Optimal Aggregation of LLM and PRM Signals for Efficient Test-Time Scaling
Pith reviewed 2026-05-18 07:31 UTC · model grok-4.3
The pith
Calibrating weights to combine LLM and PRM signals improves test-time scaling while using far less computation.
A machine-rendered reading of the paper's core claim, the machinery that carries it, and where it could break.
Core claim
We develop a theoretical framework for optimally combining signals from both the LLM and the PRM. Our framework reveals that the optimal strategy is a weighted aggregation of responses, a strategy whose effectiveness hinges on estimating weights that capture the complex interplay between the models. Based on our theoretical results, we empirically show that these optimal weighting functions differ significantly across LLM-PRM pairs and, notably, often assign substantial negative weights. Motivated by these insights, we propose efficient pre-computation methods to calibrate these weighting functions. Extensive experiments across 5 LLMs and 7 PRMs demonstrate that our calibration method boosts
What carries the argument
Optimal weighted aggregation of responses, where weights for LLM and PRM signals are calibrated via pre-computation to account for their specific interplay including negative values.
If this is right
- Optimal weights for the aggregation vary significantly across different LLM-PRM pairs.

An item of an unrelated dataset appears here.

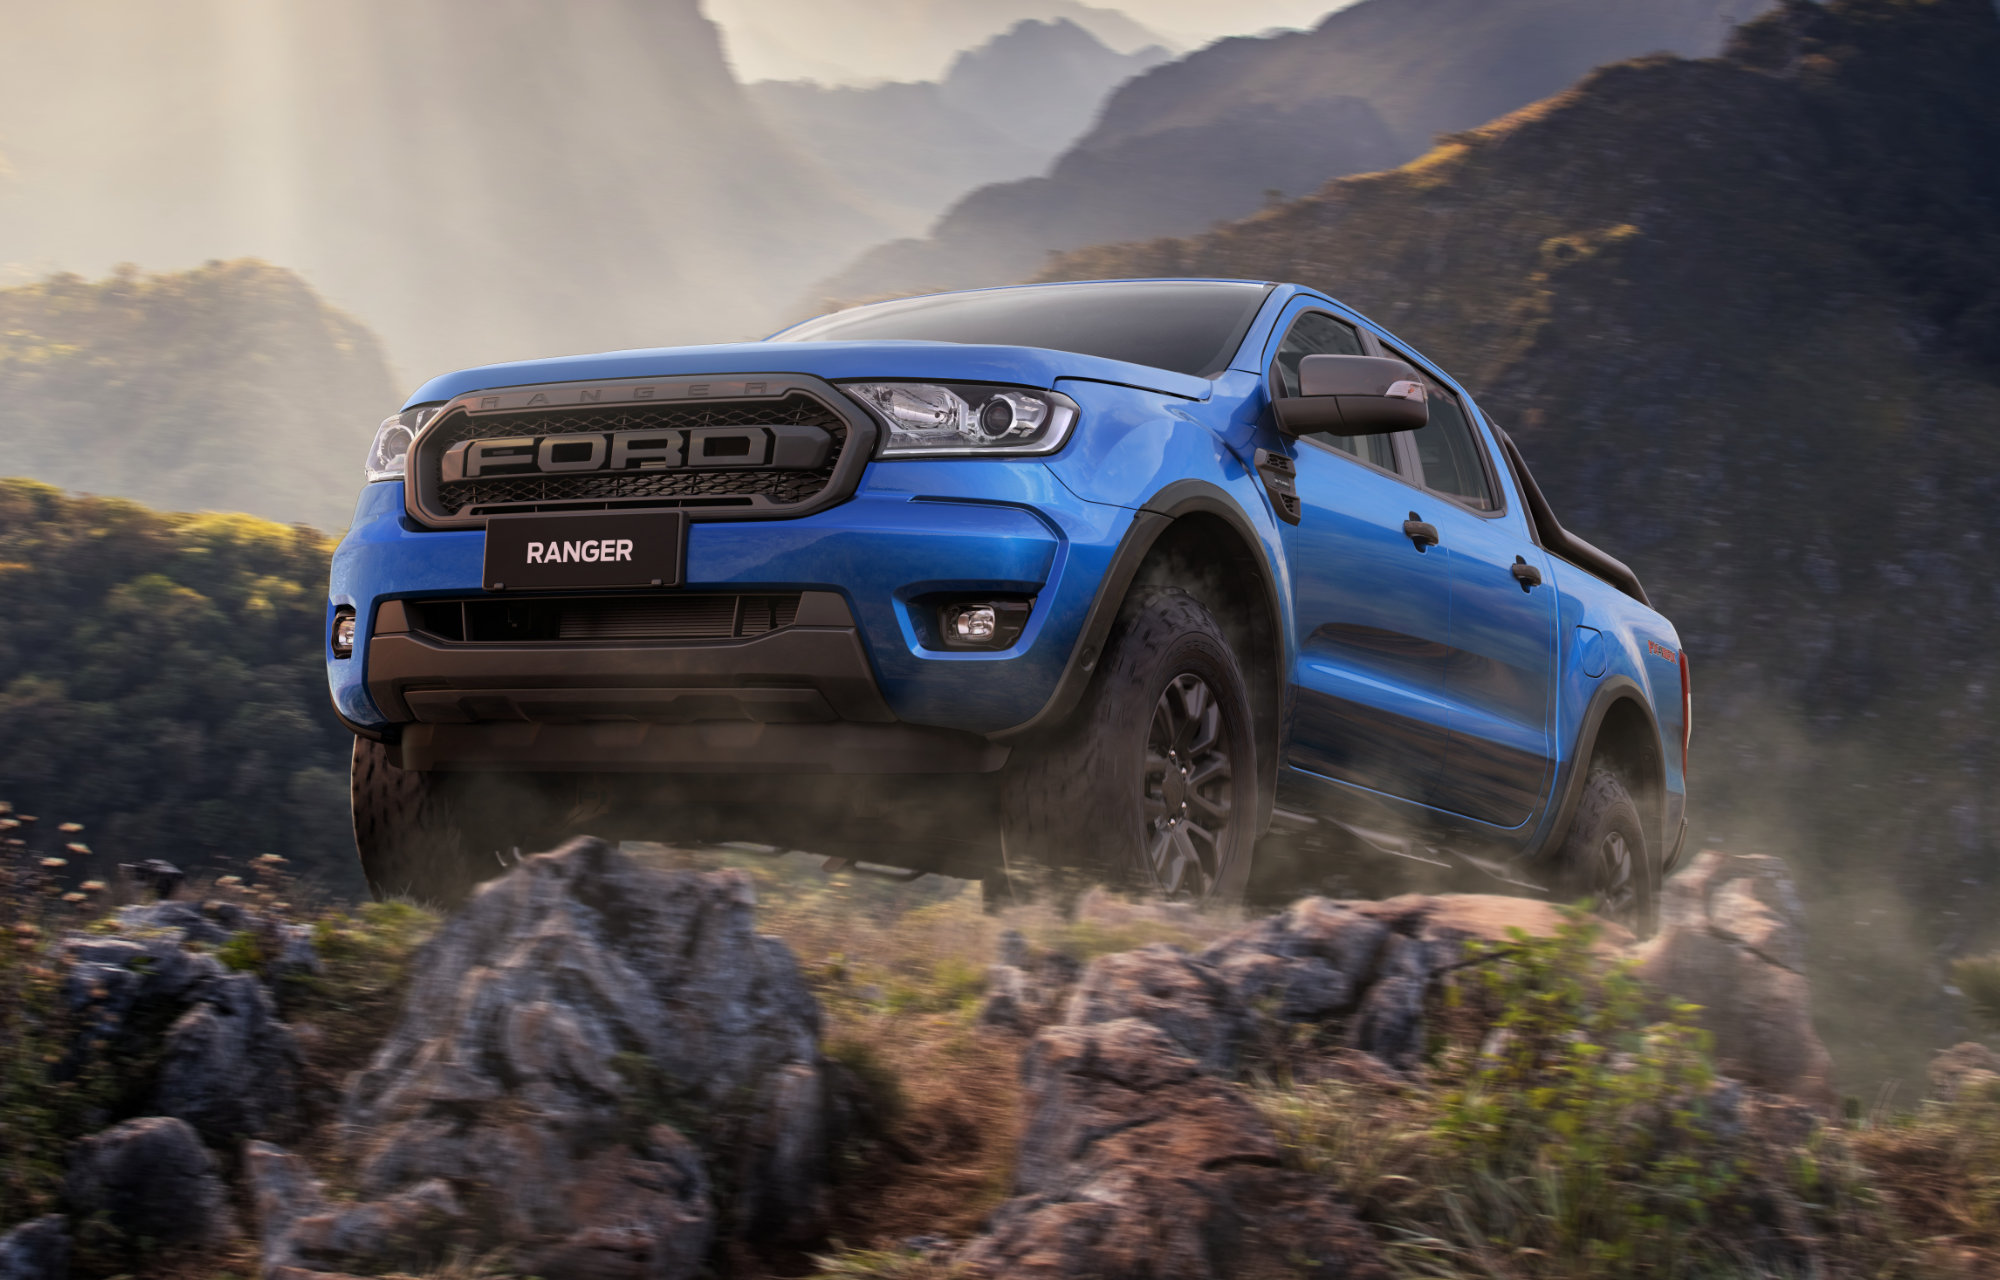 Ford Ranger Max Wallpapers

- Negative weights frequently improve results by correcting biases present in the individual signals.
- Pre-computation of the weights allows the method to achieve gains with only 21.3 percent of the computation required by vanilla weighted majority voting.

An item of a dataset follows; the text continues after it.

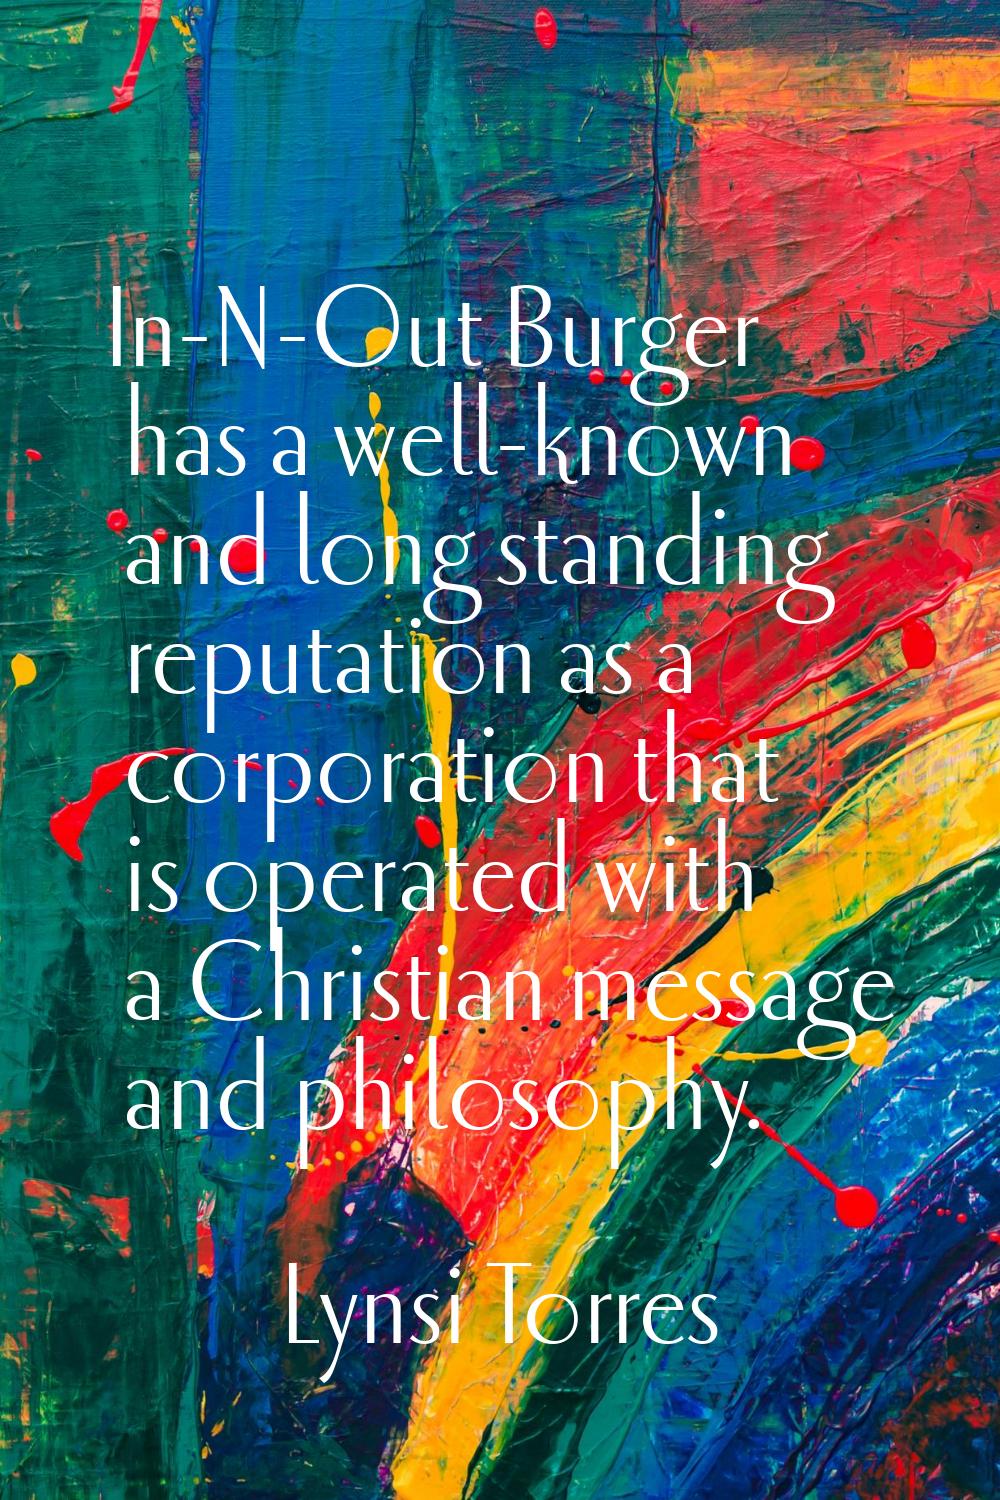 In-N-Out Burger has a well-known and long standing reputation as a corporation that is operated wit

- Better aggregation strategies offer a path to performance improvements that does not rely on increasing the volume of test-time computation.

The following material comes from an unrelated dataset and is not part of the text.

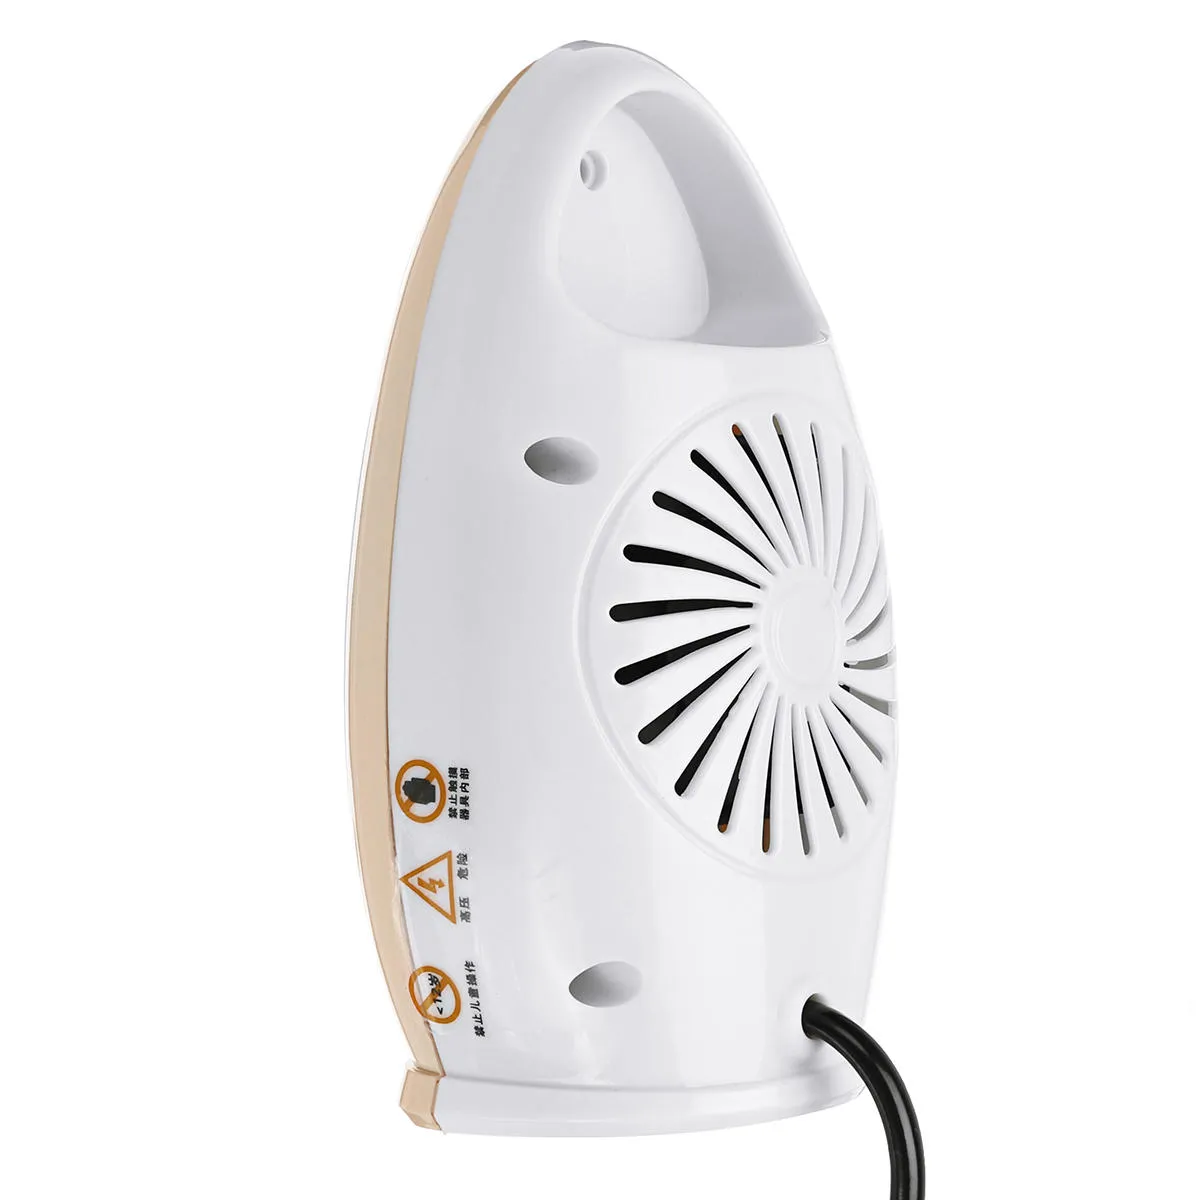 Energy Saving Mini Portable Heater For House For Home And Office 220V, 200W  Winter Warmer And Dryer In Gold From Gearbestshop, $6.54

Where Pith is reading between the lines
- The calibration technique might extend naturally to other verification signals or ensembles of reward models.
- Negative weights could be inspected to reveal systematic error patterns in either the LLM or the PRM.
- Dynamic re-calibration during inference on new domains could further reduce reliance on static pre-computation.
Load-bearing premise
Optimal weights that capture the interplay between LLM and PRM signals exist and can be accurately estimated by pre-computation methods that generalize beyond the calibration data.
What would settle it
Apply the pre-computed weights from one set of LLM-PRM pairs and calibration problems to an entirely new benchmark or model pair and observe whether performance still exceeds vanilla weighted majority voting.
read the original abstract
Process reward models (PRMs) are a cornerstone of test-time scaling (TTS), designed to verify and select the best responses from large language models (LLMs). However, this promise is challenged by recent benchmarks where simple majority voting, which ignores PRM signals, occasionally outperforms standard PRM-based selection. This raises a critical question: How can we effectively utilize verification signals from PRMs for TTS? To address this, we start by developing a theoretical framework for optimally combining signals from both the LLM and the PRM. Our framework reveals that the optimal strategy is a weighted aggregation of responses, a strategy whose effectiveness hinges on estimating weights that capture the complex interplay between the models. Based on our theoretical results, we empirically show that these optimal weighting functions differ significantly across LLM-PRM pairs and, notably, often assign substantial negative weights. Motivated by these insights, we propose efficient pre-computation methods to calibrate these weighting functions. Extensive experiments across 5 LLMs and 7 PRMs demonstrate that our calibration method significantly boosts the TTS efficiency, surpassing the performance of vanilla weighted majority voting while using only $21.3\%$ of the computation. Ultimately, our work demonstrates that investing in a more intelligent aggregation strategy can be a more convincing path to performance gains than simply scaling test-time computation.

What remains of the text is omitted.